Шутка ли сказать, но внешне лицом и телом Агата напоминала задумчивого филина. Этот образ прекрасно дополняли её очки, с круглой оправой, размером на сантиметр больше глаз, что в другой интерпретации походило на аляповато наложенный макияж. Зато стиль одежды моей начальницы был, в своем роде, безупречным. За четыре месяца мне удалось лицезреть её всего в двух сменах одежды: паре кофт с коротким рукавом, одной юбке и одних брюках. Впрочем, экономия на своём внешнем виде была свойственна подавляющему большинству жителей сельской местности Страны Вечного Праздника. В то время как городские щеголи прибегали к услугам психологов, которые пытались излечить их от импульсивного шоппинга, население небольших посёлков и деревень с завидным энтузиазмом воплощало в жизнь принцип: «Не трать ничего, отложи на чёрный день!» Даже когда типичная крестьянская прижимистость приобретала крайние формы скупости, родственниками и соседями сельчанина-Плюшкина это расценивалось, как нечто похвальное, и делало его примером для остальных: «Смотри, какой молодец, у самого пятьсот коров, а денег на ветер не бросает! Свою семью держит на хлебе и воде, при этом всё заработанное никуда не тратит, а относит в банк! И то верно – там деньжата целей будут!» Как бы странно это не звучало, но в старушке-Европе начала двадцать первого века запросто можно было встретить перегонявших стада животноводов, как мужского, так и женского пола, одетых в залатанные зипуны и кафтаны, подпоясанные старыми верёвками, уже непригодными для того, чтобы привязывать ими к дереву скотину. Для полноты картины, на ногах у них красовались рваные калоши, замотанные скотчем или каким-нибудь другим подручным материалом, позволяющим заткнуть крупные дыры. Если подошва была продырявлена, то ремонтные работы этой обувки осуществлялись путём вбивания в неё коротких гвоздей, разумеется, не приобретённых в магазине, а найденных где-нибудь на дороге. При этом калоши рачительными хозяевами никогда не выбрасывались, а бережно передавались из поколения в поколение.

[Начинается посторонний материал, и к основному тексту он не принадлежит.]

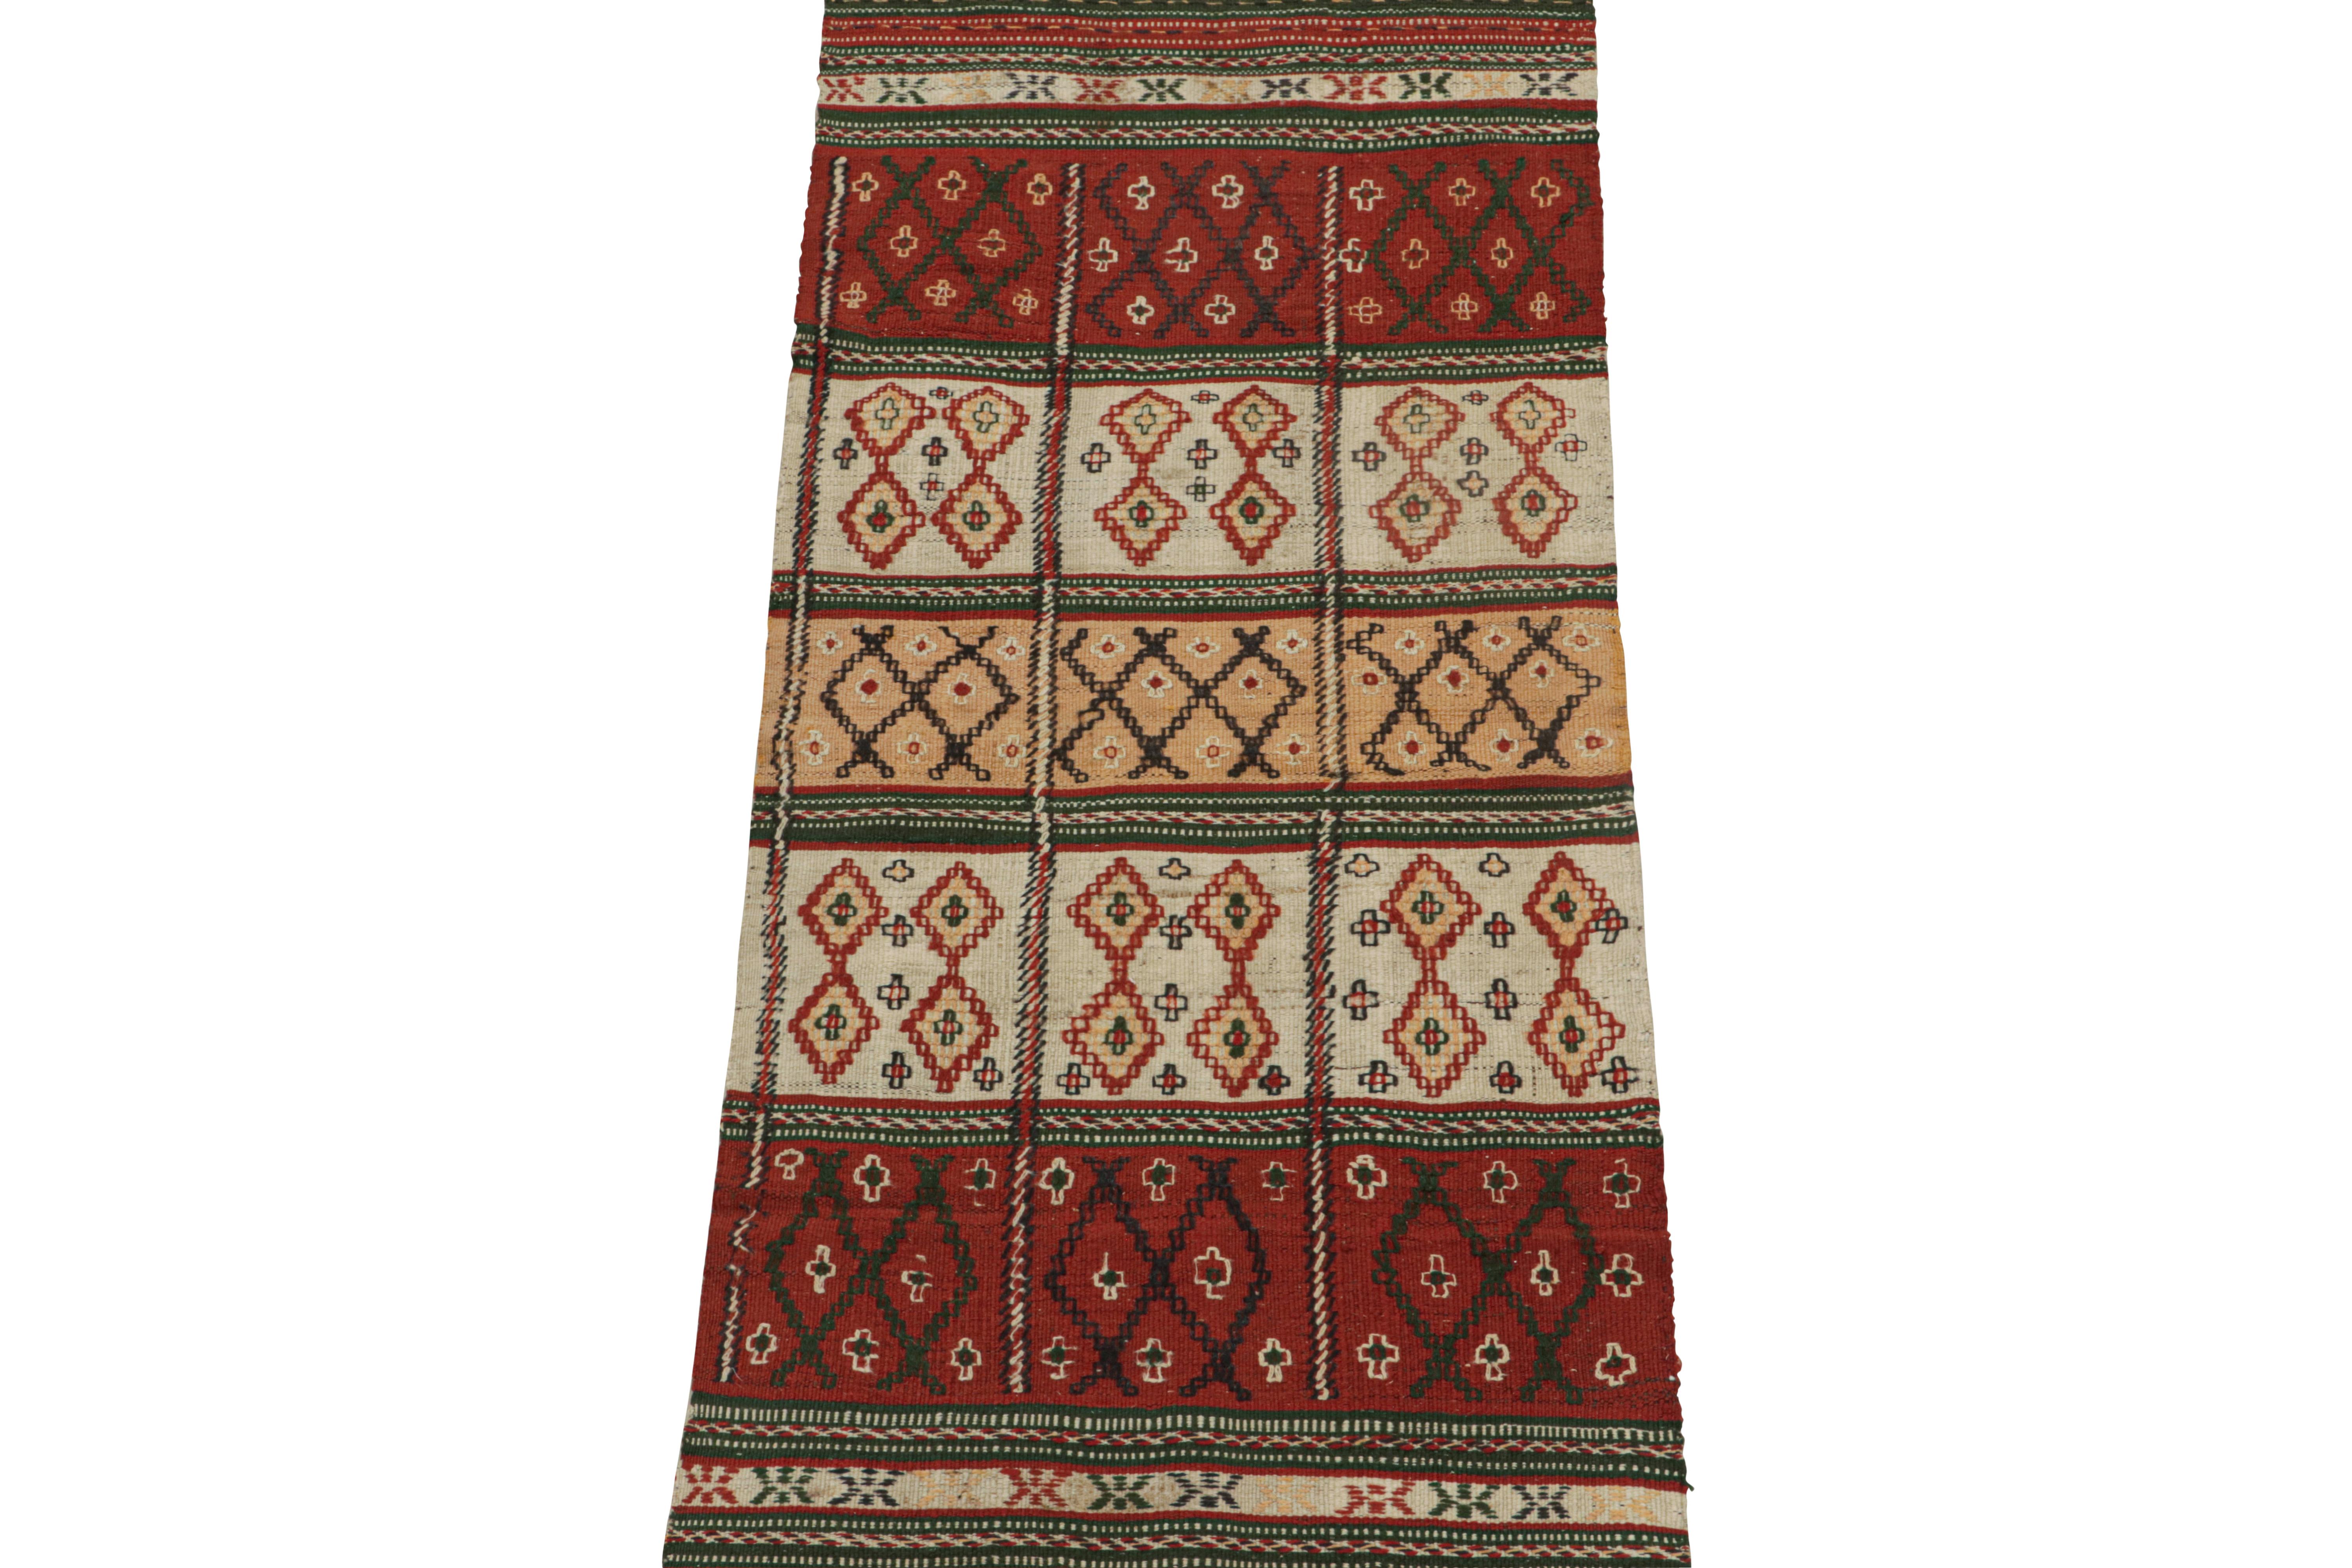 This vintage 2x6 Kilim is believed to be a tribal runner of the 1950s. 

Handwoven in wool, its design prefers geometric patterns in red, white, gold and green colorway with black accents. Keen eyes will further admire its many textural

Материальное положение Агаты не внушало никаких опасений, однако, крестьянское скопидомство было у нее в крови. Помимо доходов, получаемых от активной сельскохозяйственной деятельности и продажи товаров в двух торговых точках прибрежного городка, ей принадлежал огромный двухэтажный каменный дом, первый этаж которого отводился под отель для курортников. В летний период ни один из его номеров ни дня не пустовал, что благоприятным образом сказывалось на пополнении кошелька моей начальницы. Как бы то ни было, но Агата тратила деньги лишь на самое необходимое, откладывая все остальное на пресловутый чёрный день, который представлялся ей чем-то вроде внезапного торнадо или цунами. Хотя при таком варианте развития событий вряд ли лежащие на банковском счету средства смогли бы её спасти. Однажды я поинтересовалась, была ли она замужем и планировала ли когда-нибудь обзавестись потомством. «Да что ты! Какие дети?! – всплеснула Агата руками. – Знаешь, сколько на них денег нужно?! Мы и кошки-то с матерью дома не держим. А зачем? Если мышей нет, то какой смысл её заводить?»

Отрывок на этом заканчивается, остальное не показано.